Is there a way to declare multiple policies in HCL in one file (without having to rely on the file name) like how you can in terraform. An example would be something like, but vault doesn’t recognize the policy keyword in this example:
No, and further there is no relationship with the filename(policy name) and the actual content. Vault actually combines all of the policies at auth time and applies them all, the names are just for human reference.
The only policy name that is a known name is “default” and even that can be changed to anything you want.
Not really true since all configuration referencing policies does so by name.
Not true, there is also root, response-wrapping and control-group.
Also not true, the default policy name is special and that specialness can’t be reassigned to a different policy name - although yes, you can change the contents of the default policy.
So the reason why I am trying to do this is because we are trying to deploy vault with the full config as an HCL file(s) dumped into the host (basically infrastructure as data). Do you have any advice as to go around doing this?

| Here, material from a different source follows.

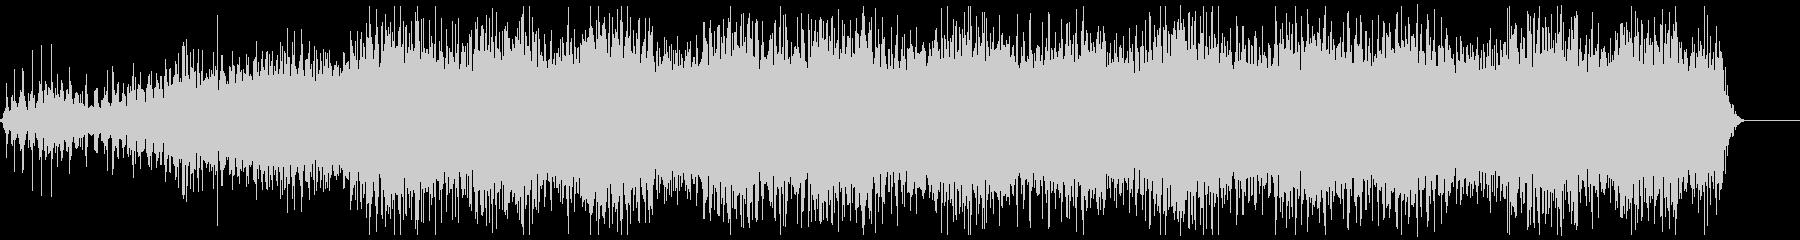 機械稼働音 4の未再生の波形
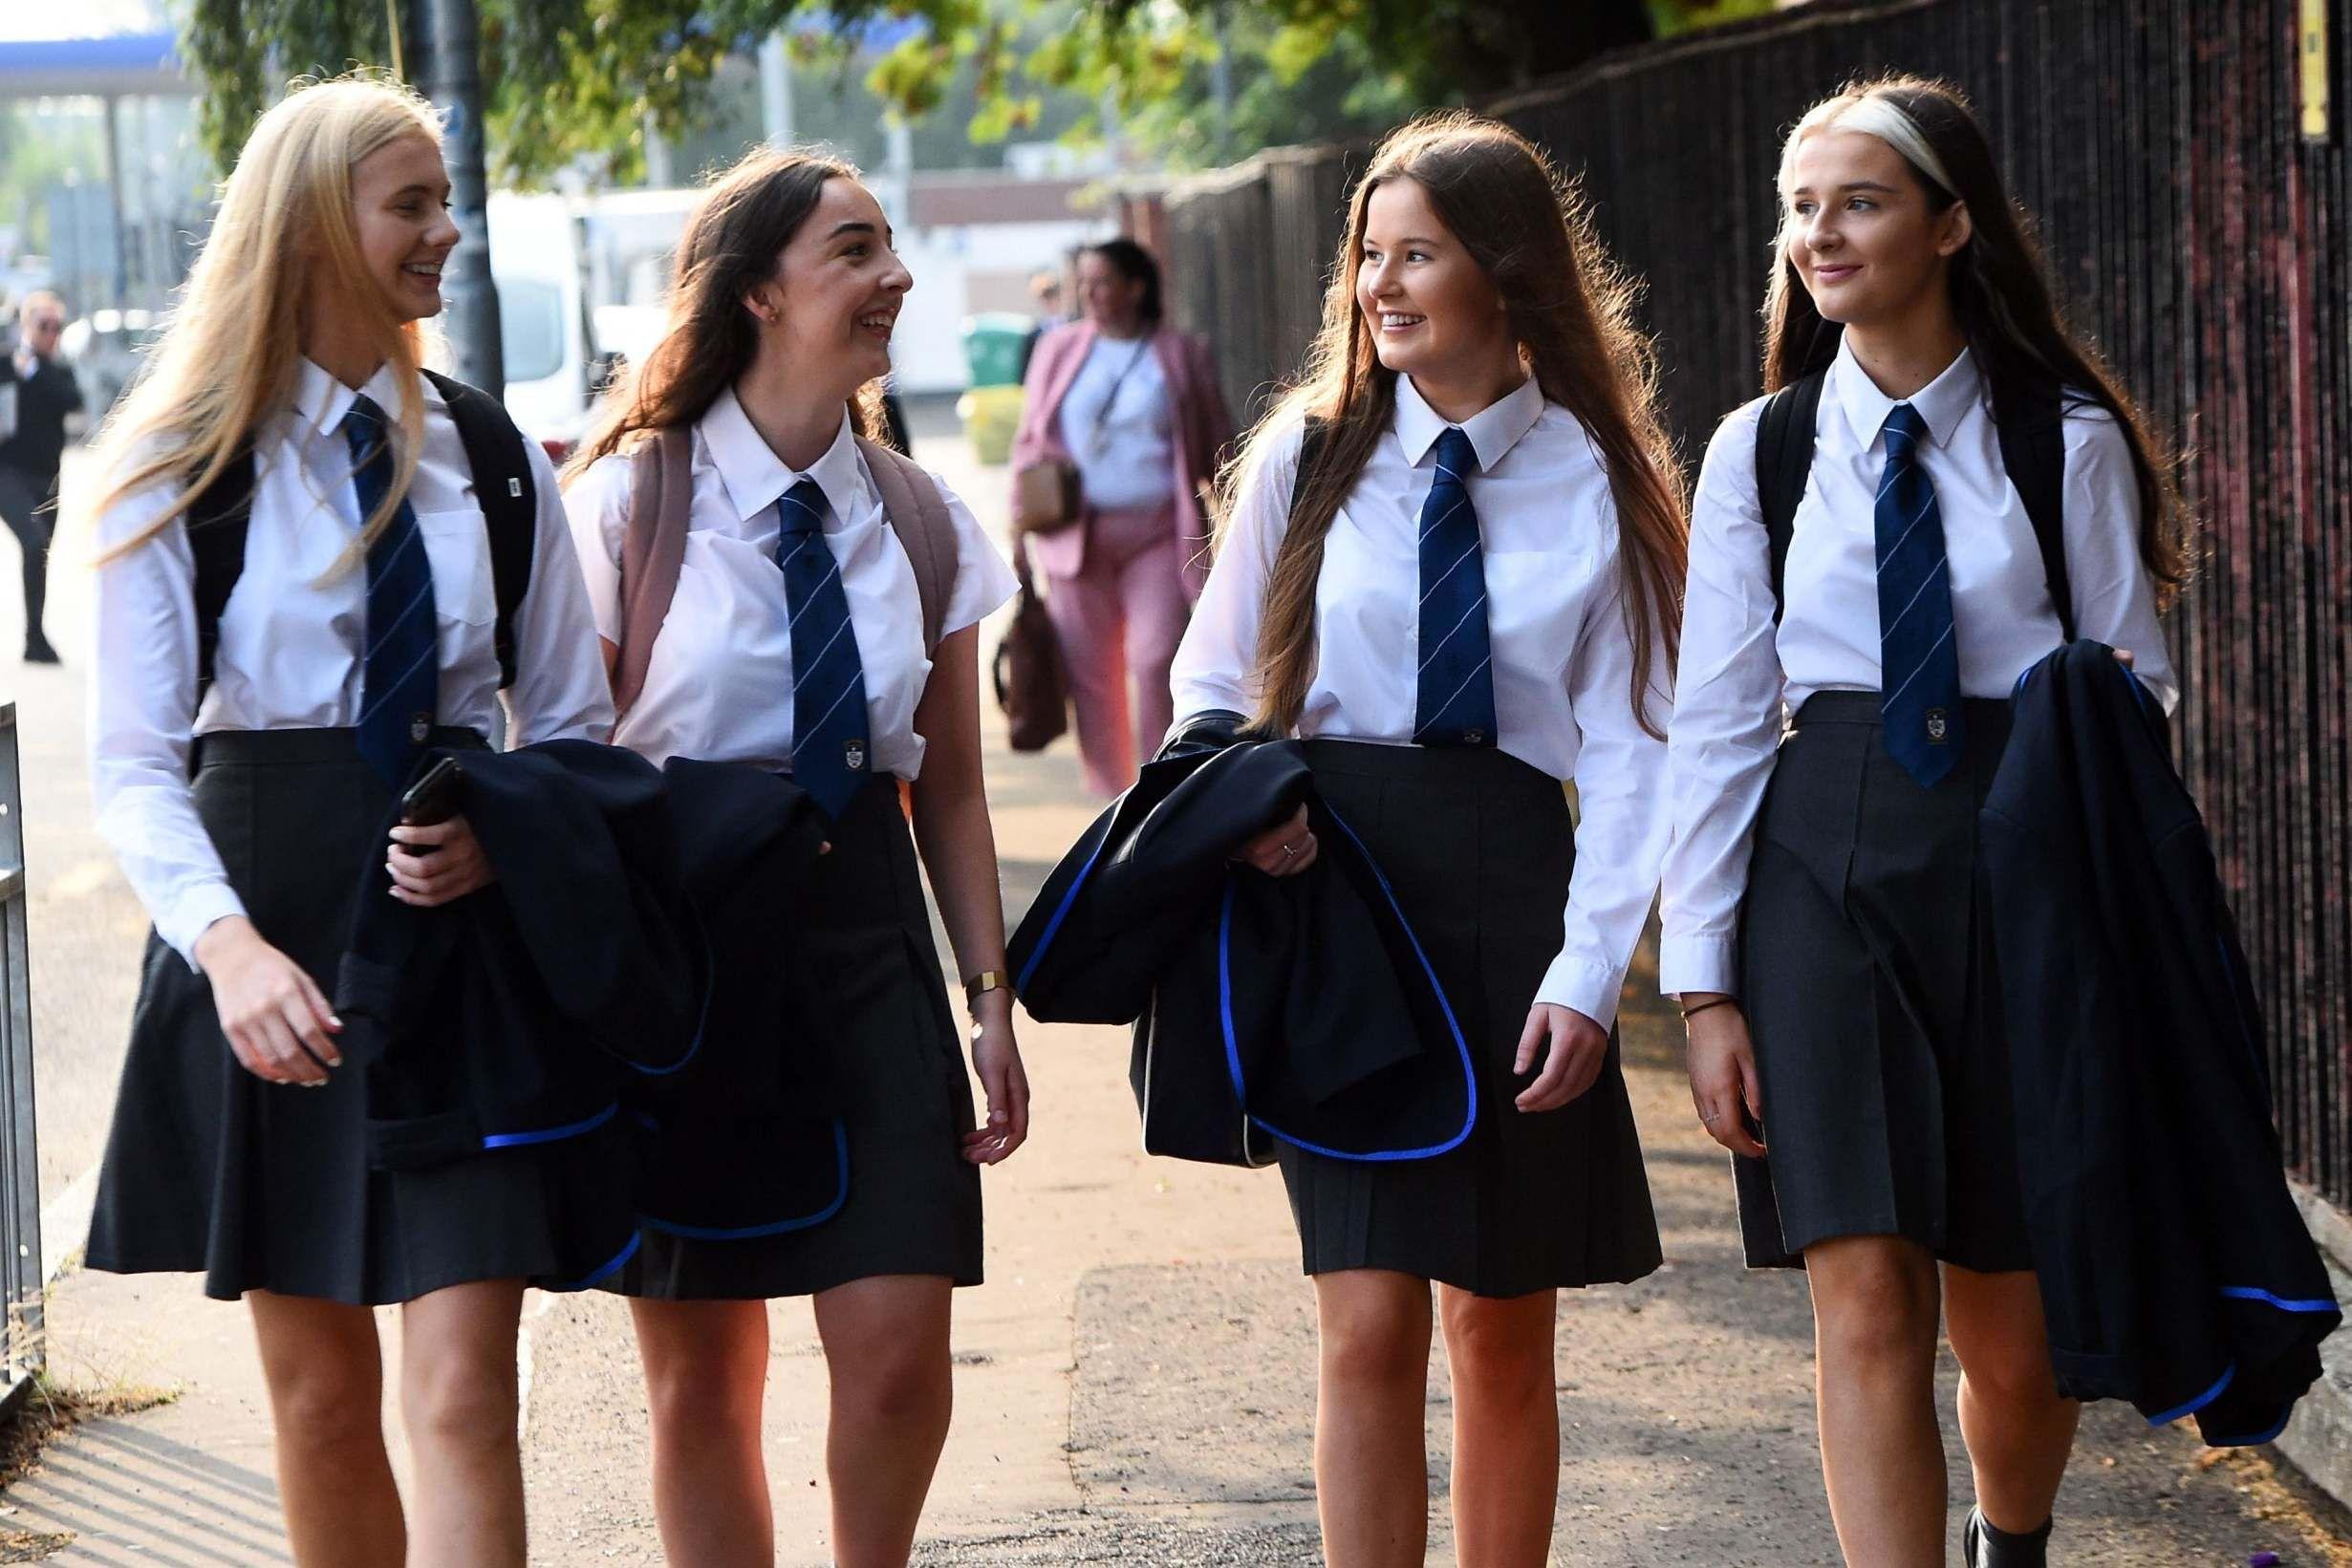 يتطلب العمل الحصول على شهادة الثانوية العامة Gcse وتأخير المستوى A Level حيث يستعد التلاميذ للعودة إلى الفصل الدراسي Gcse Teaching Time School Closures

Are you confusing different HCL files? The original question is about policies – which is not related to IaC (infrastructure and not configuration) and not the configuration for the Vault service. As long as you have access to your storage then that’s not going to get effected. If you want to manage the HCL Policies you can do that via Ansible or Terraform.
If you’re looking for HCL configuration files for the Vault Service, then you can use Packer to template-ize your configuration and post-install run a script that runs on first run to modify the template to match your IP and other variables. We use this with all of our clusters.